Here Kahn courageously tackled a motif that lacked a tradition. Growing up, he was struck by a photograph by Robert Capa of a Yemenite man holding a baby and decided that when he had a child, he wanted to hold it in the same loving way. He told his wife Nessa Rapoport, whose writing appears alongside Kahn's art in the MOBIA catalog, that he wanted to carry their child into the synagogue for the naming ceremony and have those assembled stand up for the child. Kahn created a chair for Elijah for his son's bris, but when his wife had their second child, a daughter, there was no established ritual for a girl's naming ceremony. Rapoport, an author of several books and an essayist and poet, researched a way that the ceremony could be halachic, creative and liturgical.
 
 
Mezuzot. 2008. Acrylic on wood. Varying dimensions.
 
 
The chairs Kahn created, which are on permanent loan to the Abraham Heschel School in New York for free use, are rife with metaphor. The legs are on different planes to show that the infant must embrace her past, but it will not block her future. The images on the four chairs are different to symbolize the way children are so different. There are even places on the back of the chairs to write the names of the children.
 
The rest of the exhibit also reflects an almost fanatic attention to detail from the symbolism in the actual works to the color of the walls (toned down, meant to convey sacred space).

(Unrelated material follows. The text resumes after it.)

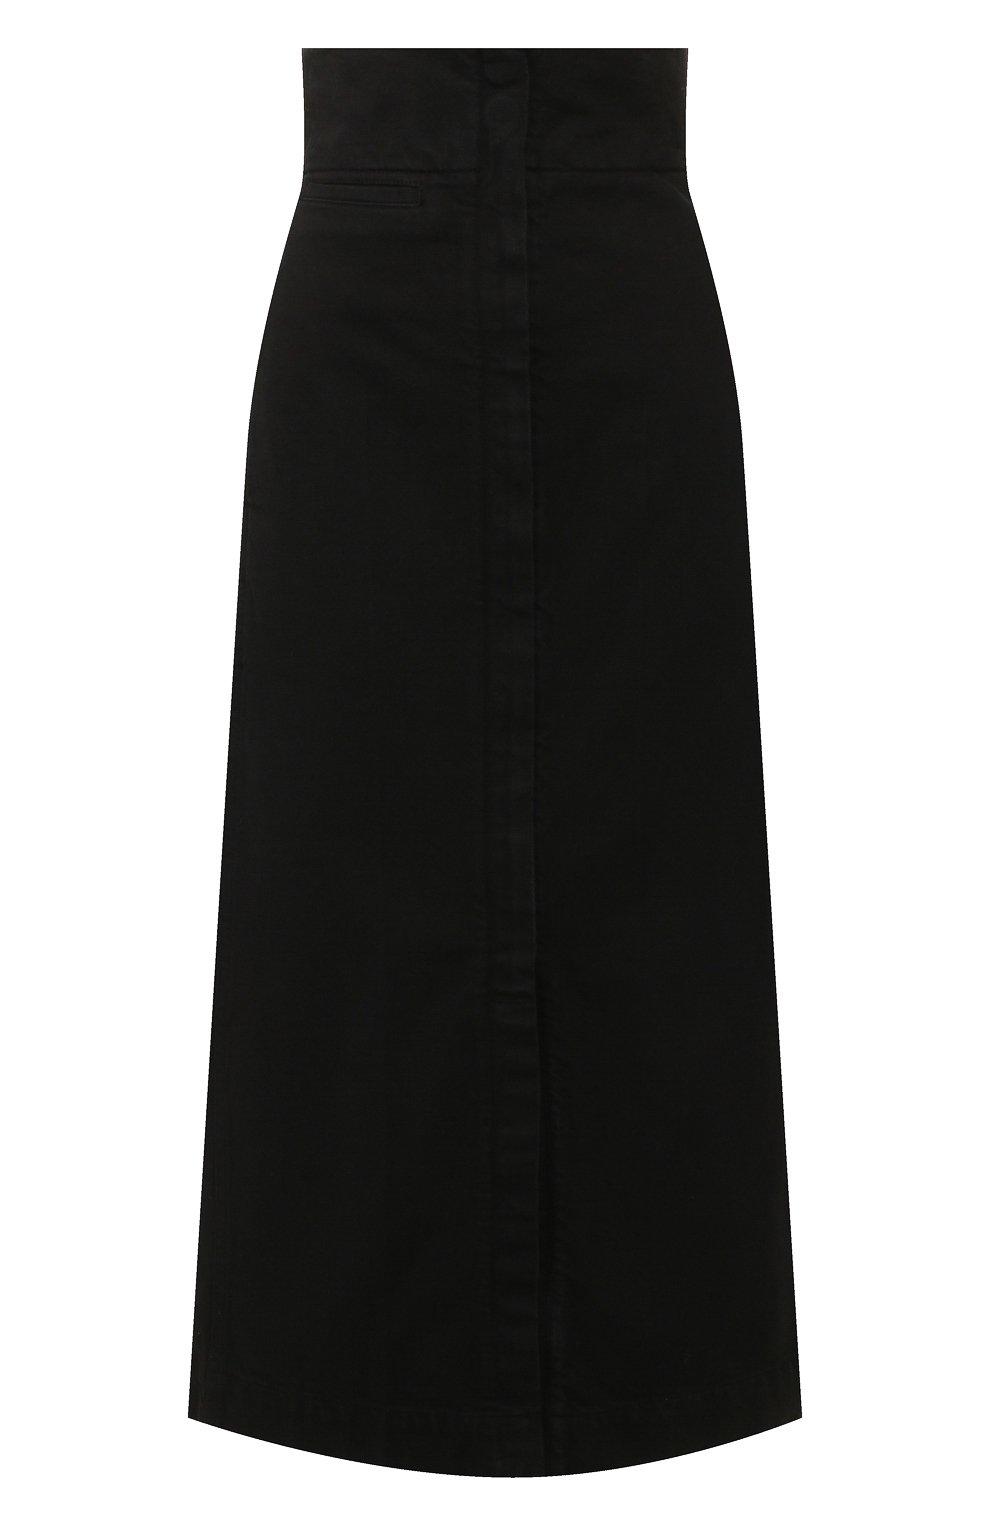 Женская джинсовая юбка LEMAIRE черного цвета, арт. W 194 SK233 LD034 | Фото 1 (Кросс-КТ: Деним; Материал внешний: Хлопок, Деним; Длина Ж (юбки, платья, шорты): Макси; Стили: Кэжуэл; Статус проверки: Проверена категория)

Not only do the objects have to work halachically (he insisted on kosher food and mevushal wine), but also functionally, so "there's not a havdalah candle which burns your fingers, or an Aron Kodesh [ark] door that doesn't close."
 
But however much Kahn cares about Midrash, he doesn't want his work to become a "Where's Waldo?" gimmick. "When you create art it's like creating a golem and it goes out in the world and does its own thing," he says. "I don't want to be too specific that it steals the experience away from the viewer."
 

Kahn achieves that balance of educating his audience about Judaism and art simultaneously. During the course of our phone interview, Kahn invoked the names of many artists, including James Turrell, Ellsworth Kelly, Frank Lloyd Wright, Richard Serra and Scottish architect Rennie Mackintosh. One would expect Claes Oldenburg to be proud of the gigantic Omer counter, but Kahn should be celebrated for more than just making small ritual objects larger than life. At stake in his work is the question of how Orthodox Judaism and art can co-exist. The Museum of Biblical Art has a lot of guts to show such work, and more importantly, Kahn deserves recognition for devoting his career to it.